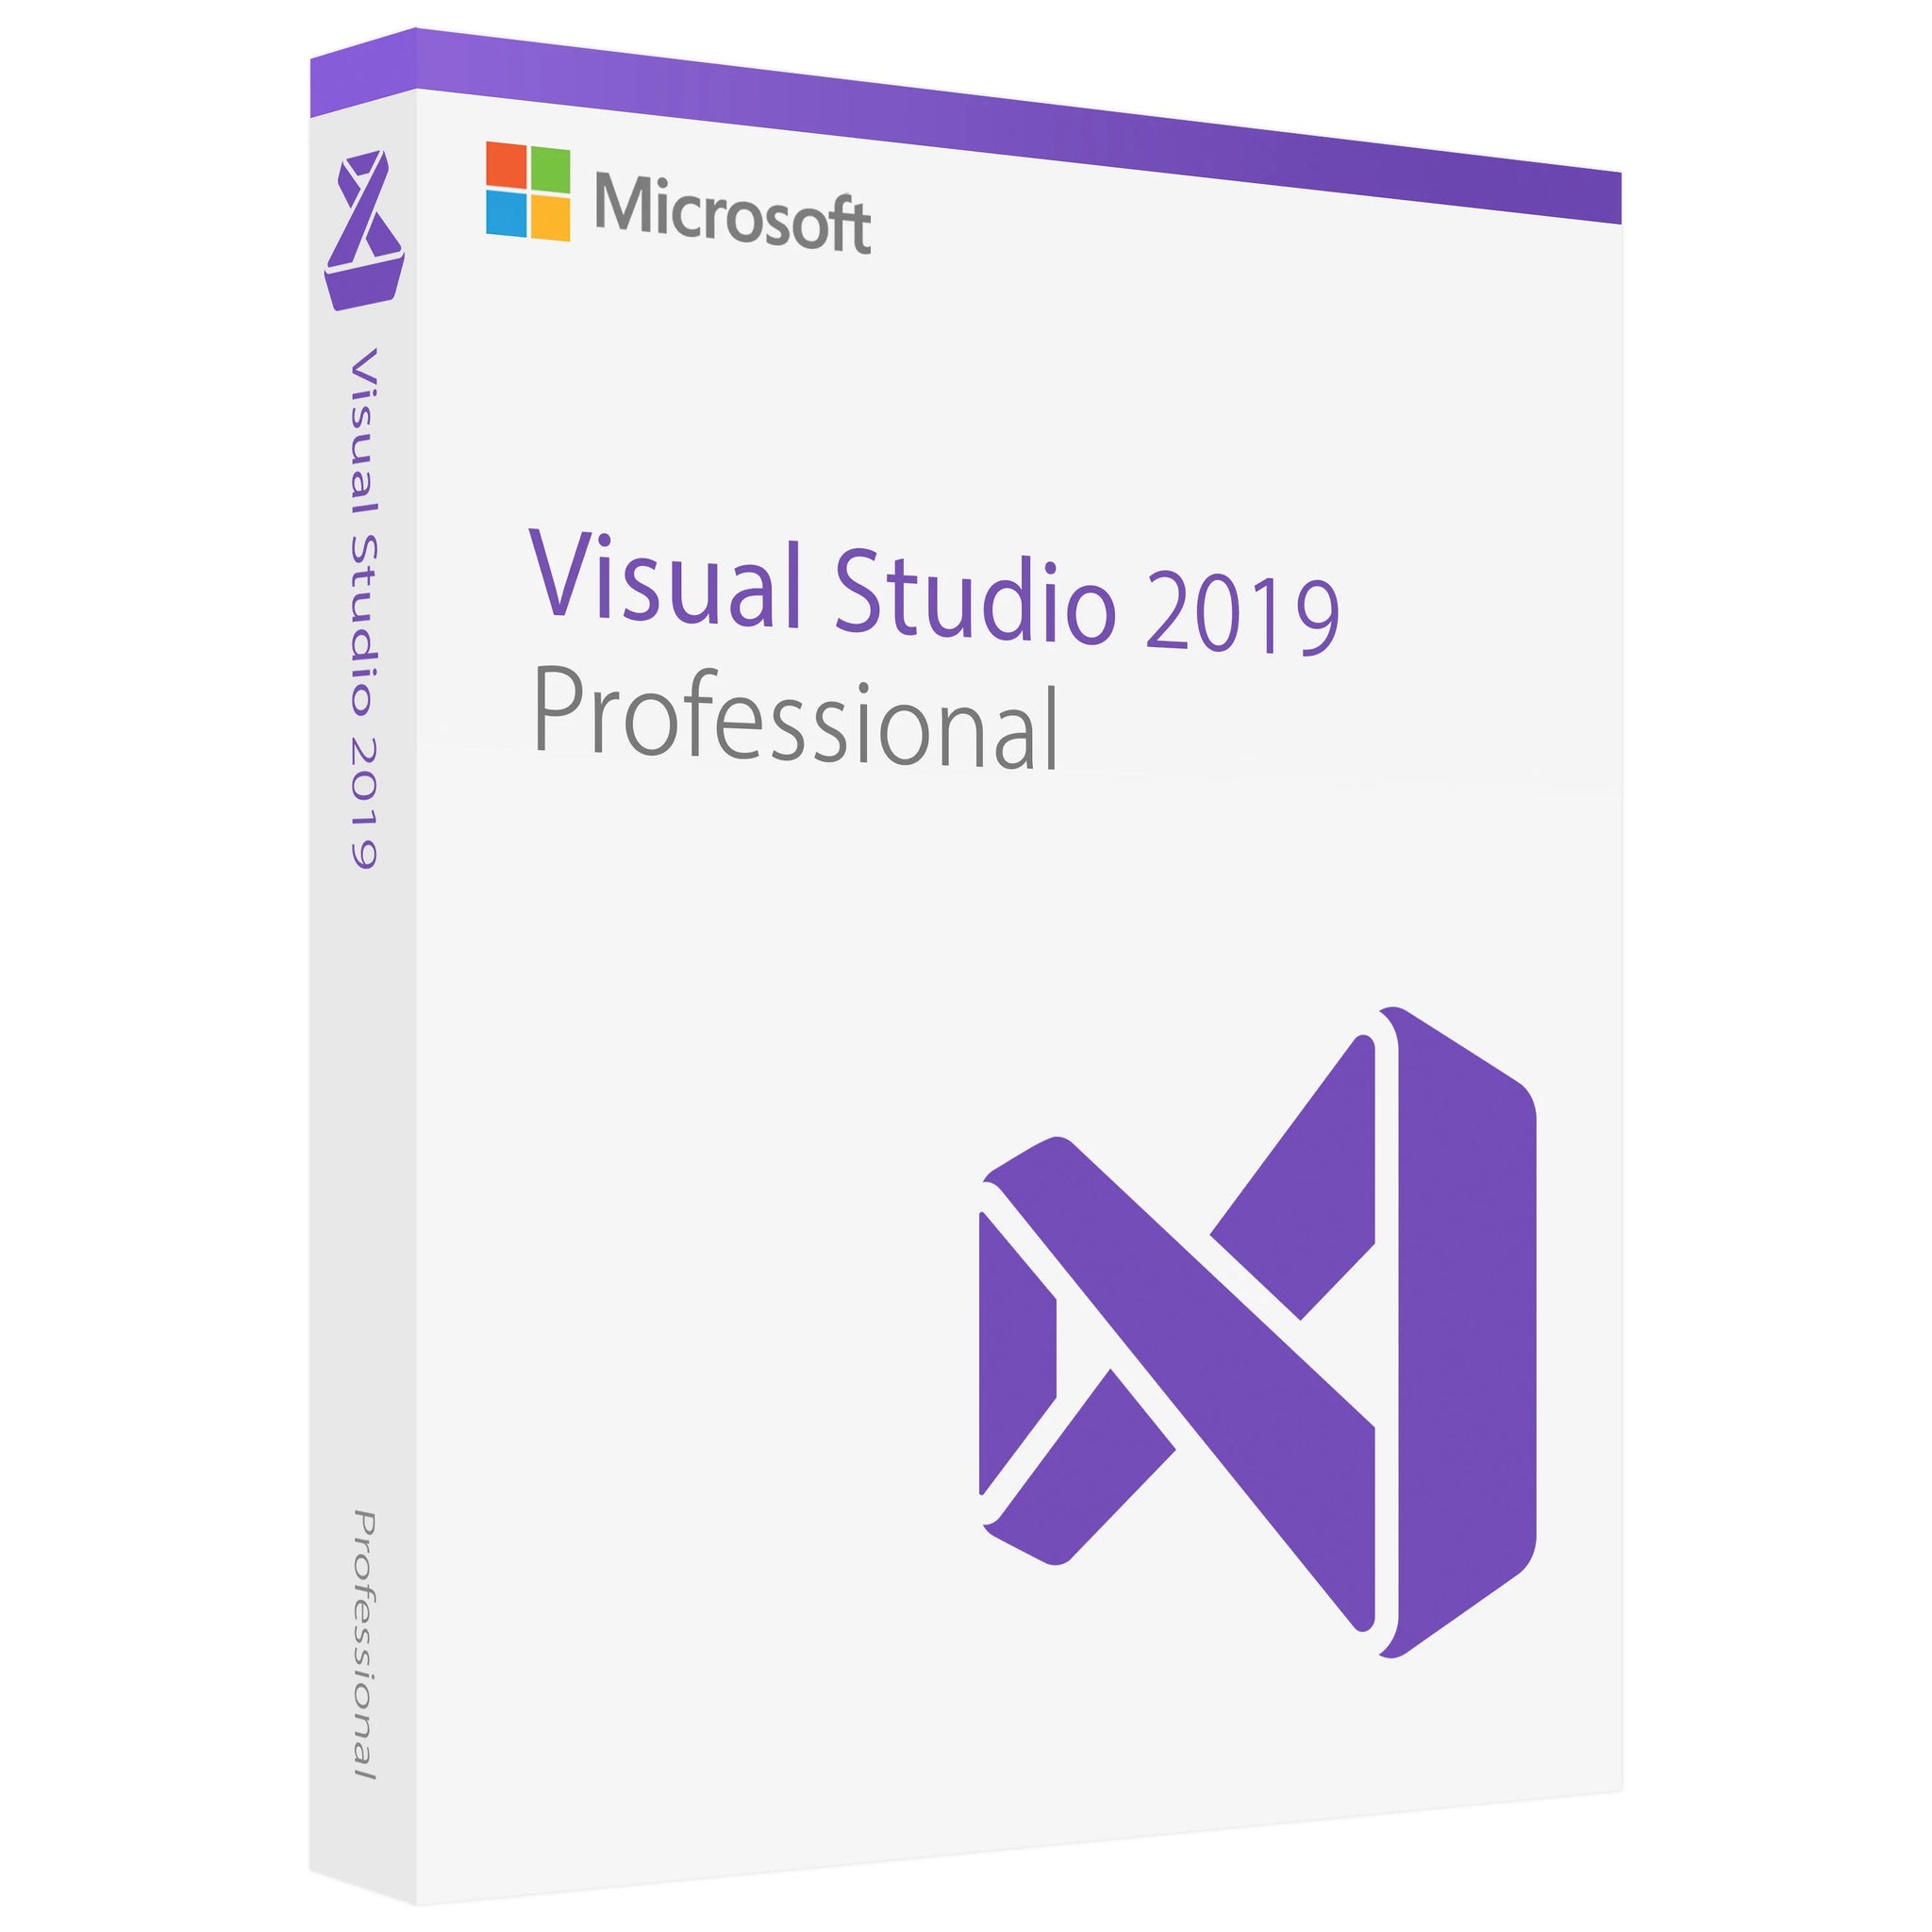 Microsoft Visual Studio 2019 Professional- Lifetime License Key
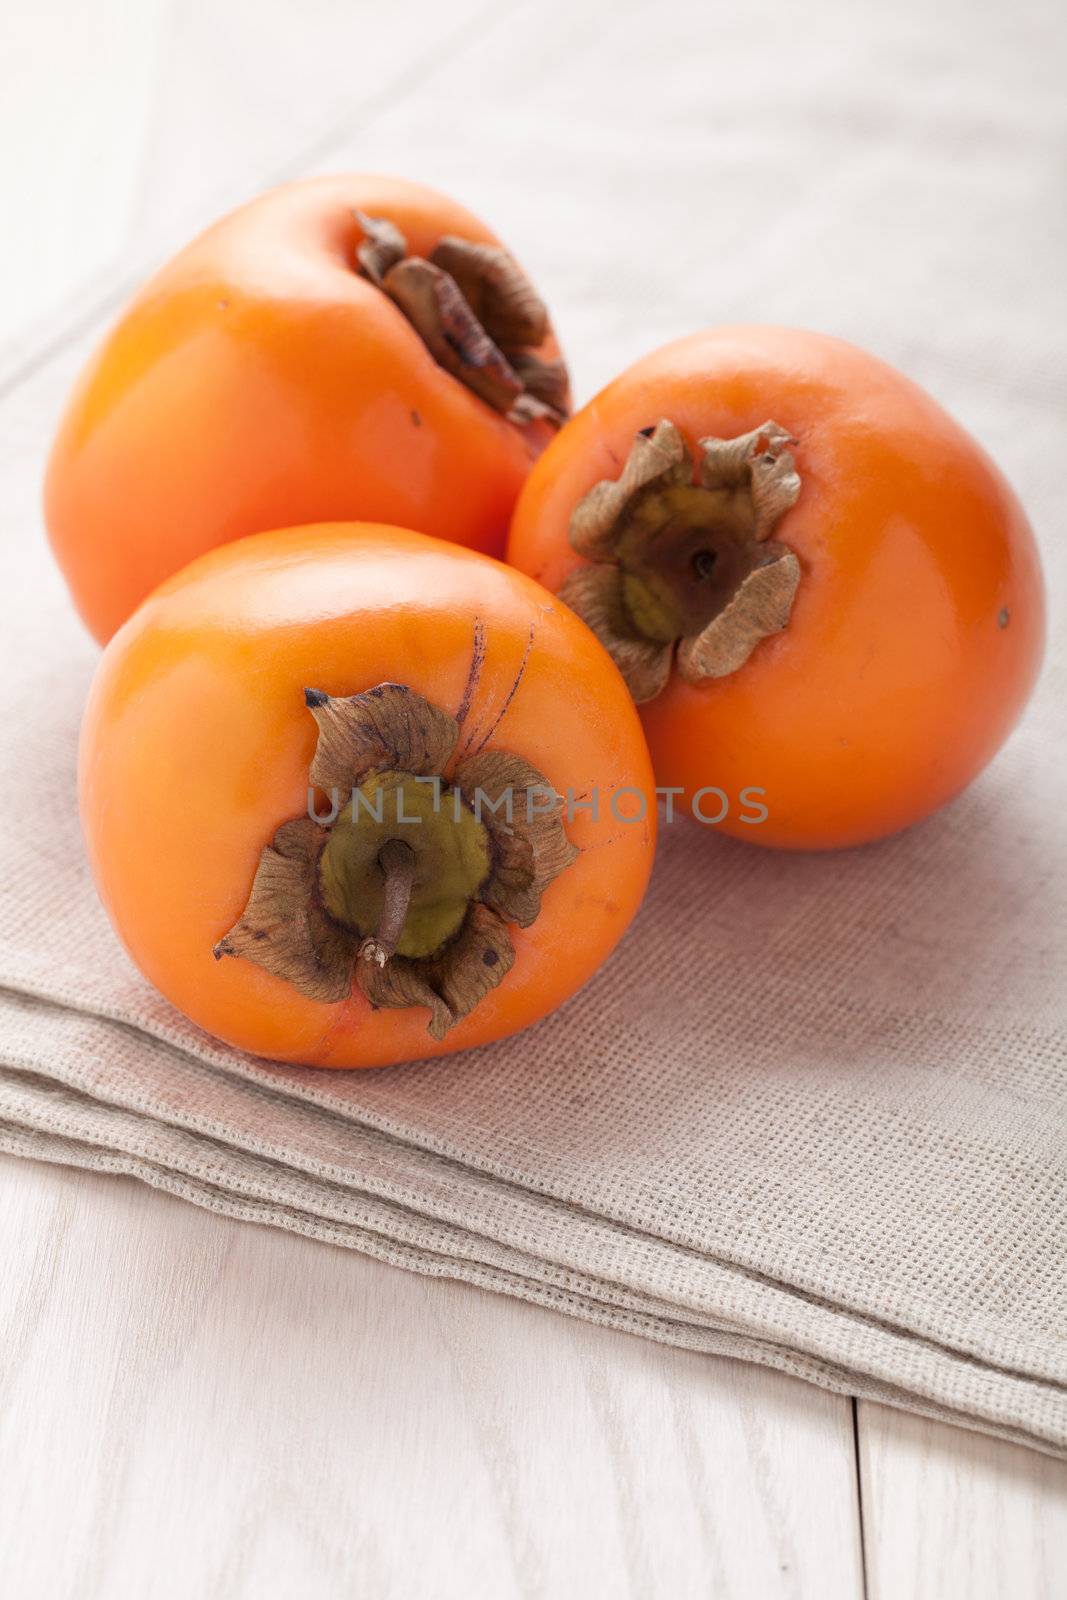 Fresh exotic tropic ripe juicy orange fruits  persimmon Diospyros served on textile towel
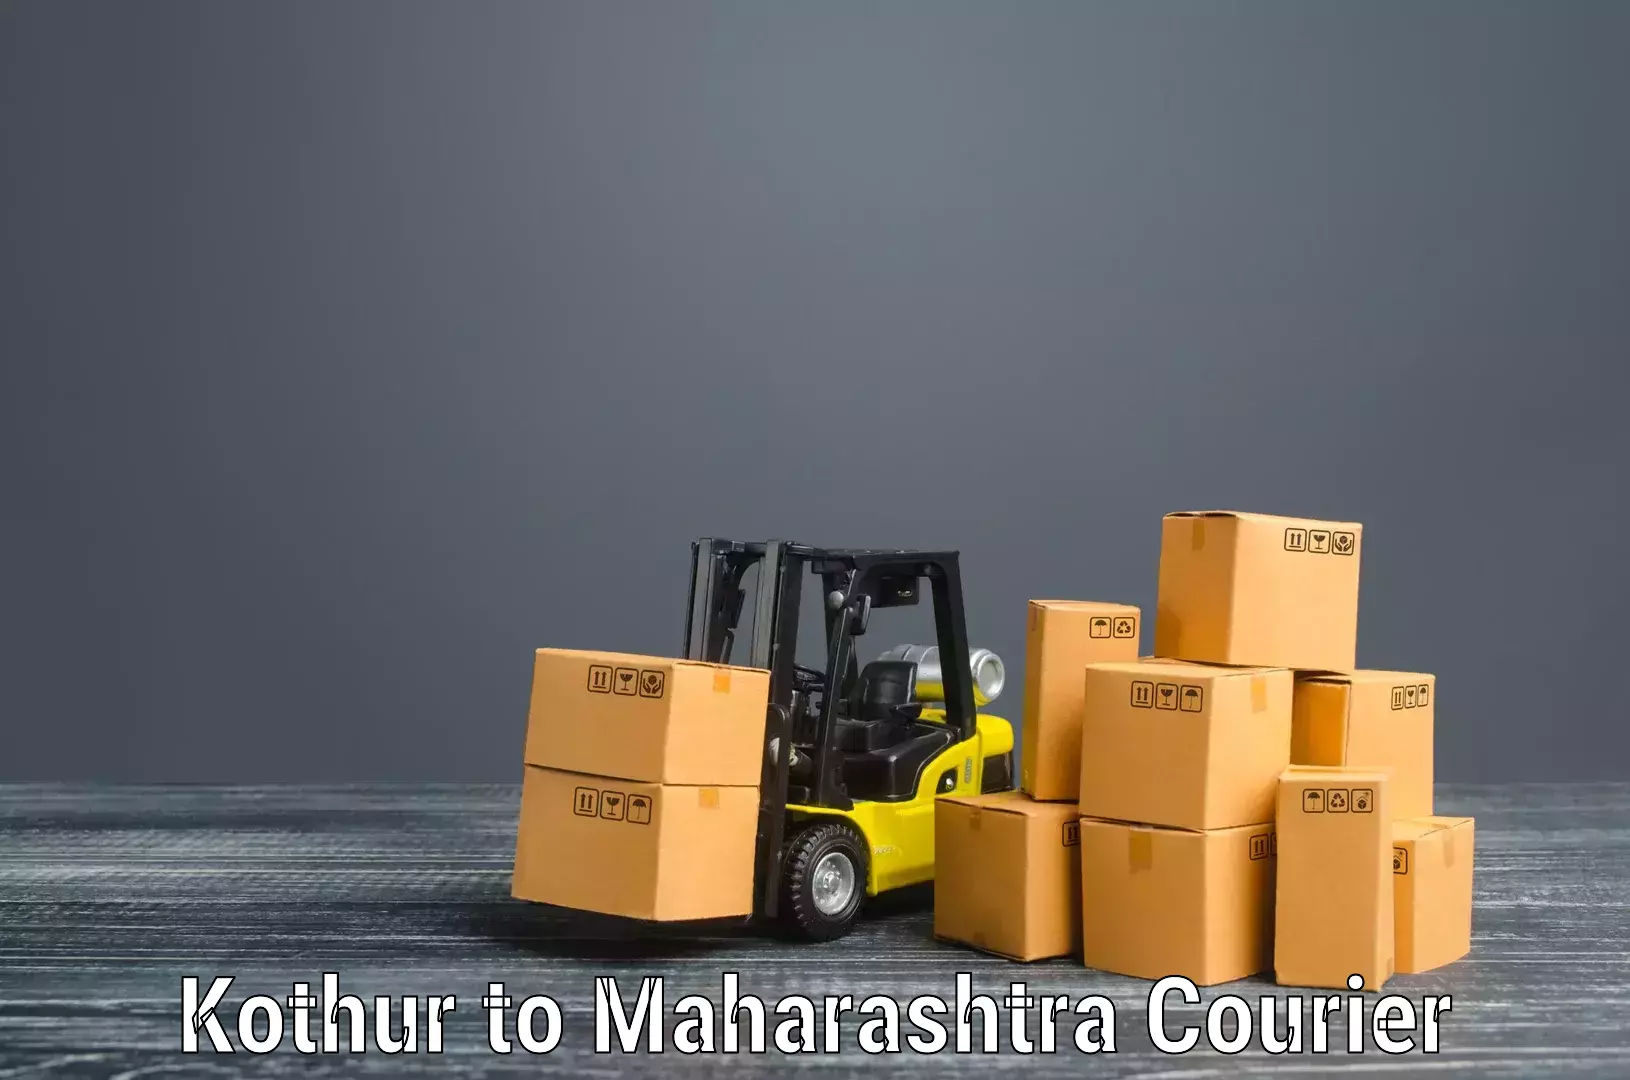 Moving and packing experts Kothur to Maharashtra
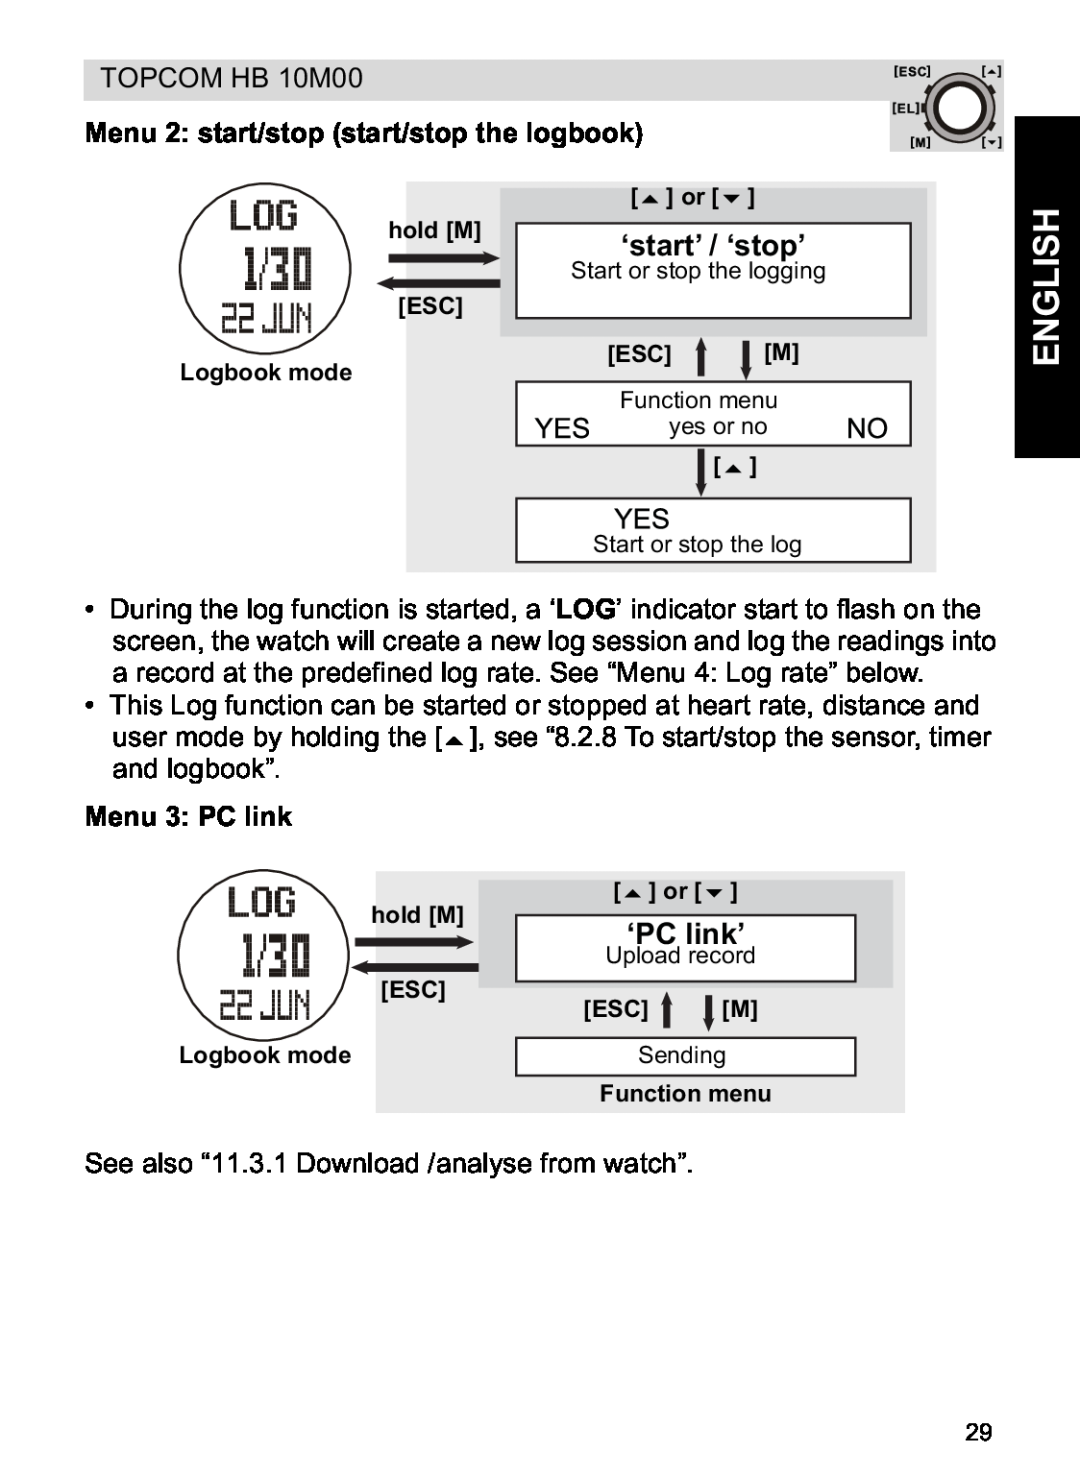 Topcom HB 10M00 manual ‘start’ / ‘stop’, ‘PC link’, Menu 2 start/stop start/stop the logbook, Menu 3 PC link, English

### [Work required]
The whole listing above, line by line, needs to be copied exactly, except for any images.

### [Answer to this problem]
 Microsoft Visual Studio 2019 Professional- Lifetime License Key
 Fresh exotic tropic ripe juicy orange fruits  persimmon Diospyros served on textile towel
 Moving and packing experts Kothur to Maharashtra
 Topcom HB 10M00 manual ‘start’ / ‘stop’, ‘PC link’, Menu 2 start/stop start/stop the logbook, Menu 3 PC link, English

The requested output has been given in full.